Right! Got to get on with packing. Driving up to Scotland tomorrow with dog, bikes, presents, numeorus running shoes. Oh, and my OH, of course

22/12/2012 at 17:52

Yes Sam I won't disagree that runners won't make improvements with all the things you mention especially if coming from a sedentary background or one that didn't really focus on nutrition, pacing etc.  But as an experienced club runner my experience and that of many I know is that if you don't push the boundaries of increasing mileage you'll never know how good you could be!  Take Steve Way off the sub 3 thread, he went from a 17 stone runner to running 2.18 for the marathon, he would not have done that by not pushing the boundaries and sticking to running 30 miles a week!  Also out of a group of 9-10 in a training group I trained with for a marathon last year all aiming for between 3.37 and 2.35 none of them got injured and every single one of them trained above 50 miles a week.  These are just a couple of examples!  Personally I have had one injury in 6 years due to pulling a calf in a race, but before that when doing light mileage and more harder running I was constantly picking up injuries.  So for me and many I know injury proofing was building a good base of higher mileage so that my body could cope with the impact of training and racing and thanks to my husband being persuaded to wearing racing shoes rather than clumpy trainers (one thing we agree with)  But yes at the end of the day we are all an experiment of one and for those you say get injured running 'too many' miles there will be equally those who don't and benefit from the extra.  It's about training smart, not hard all the time im my book!

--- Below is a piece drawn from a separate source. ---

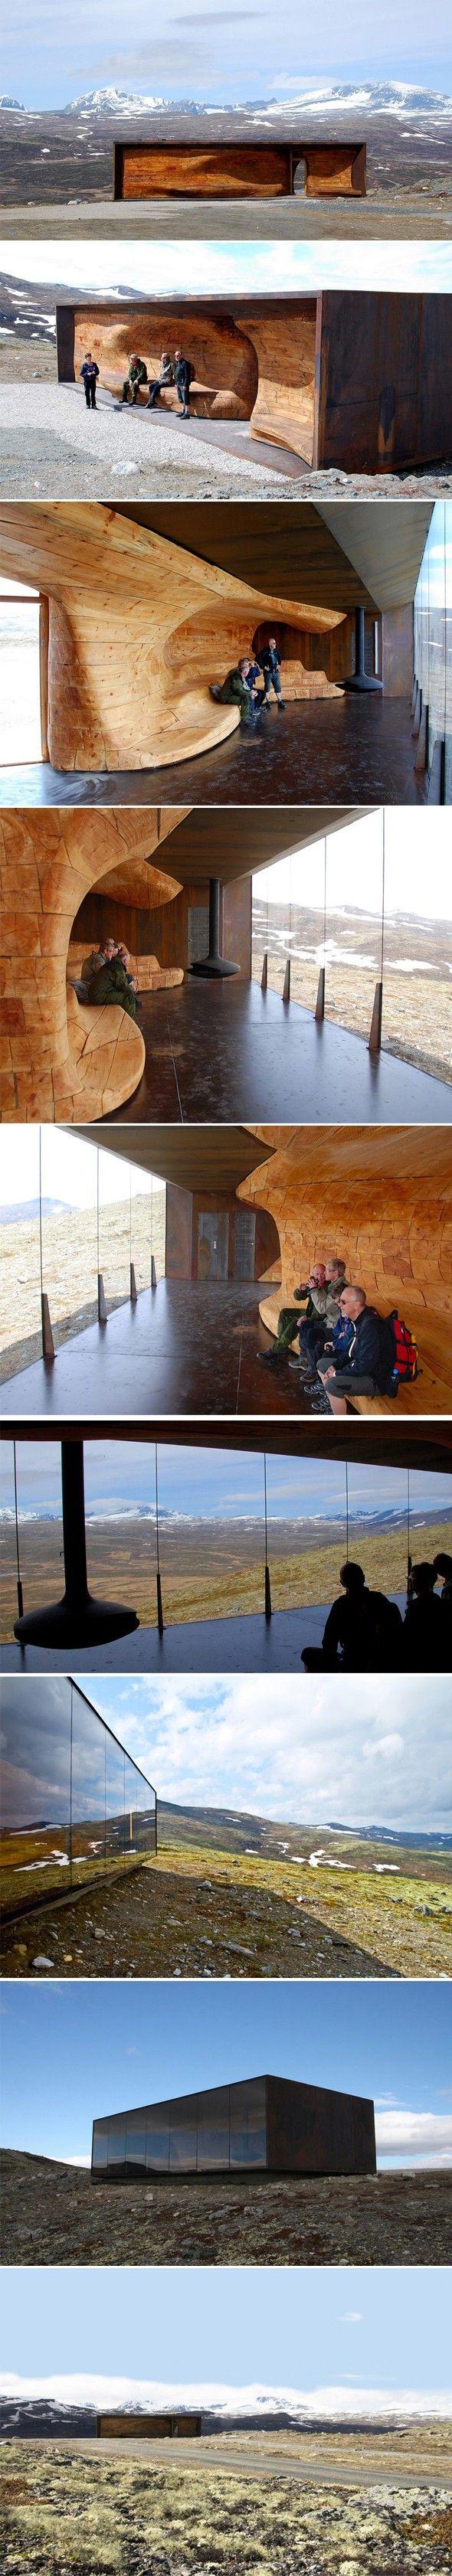 Norwegian-Wild-Reindeer-Centre-Pavilion-Snohetta-2-tt-width-590-height-3364-crop-1-bgcolor-000000-except_gif-1.jpg (590×3364)
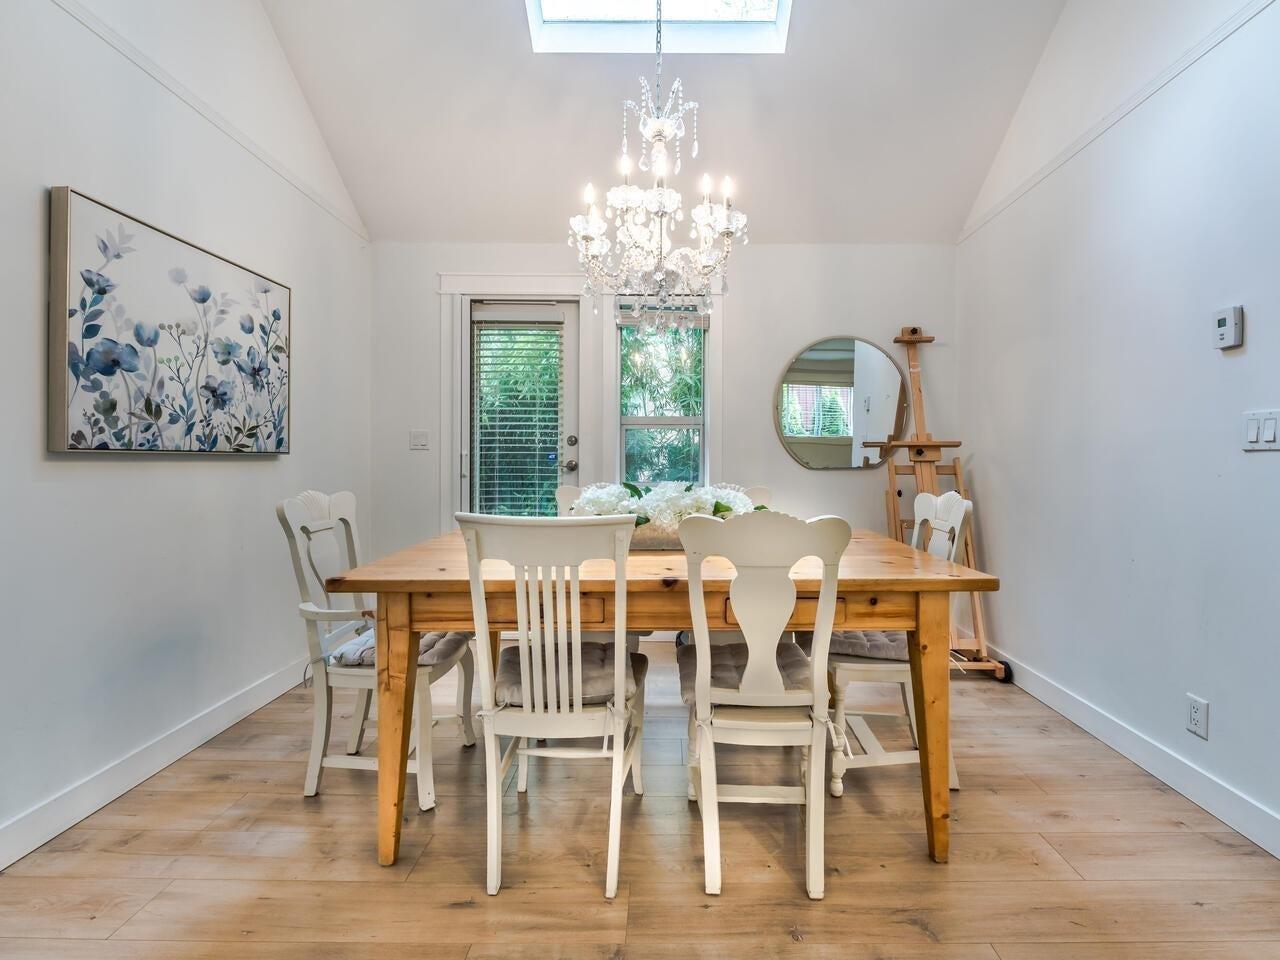 1231 E 11TH AVENUE - Mount Pleasant VE 1/2 Duplex for sale, 3 Bedrooms (R2625828) - #18

Ady - I haven't read all the way back, so sorry if you've already answered this question somewhere else - do you have any build up races in your training for Paris?


22/12/2012 at 19:06

Two examples of counter-intuitive arguments when it comes to running...

1. Wearing lighter shoes makes you less prone to injury (as well as a host of other benefits such as better style).

2.  Running more miles makes you less prone to injury (as well as a host of other benefits such as a more efficient fat burning - essential when realising marathon potential, and faster times).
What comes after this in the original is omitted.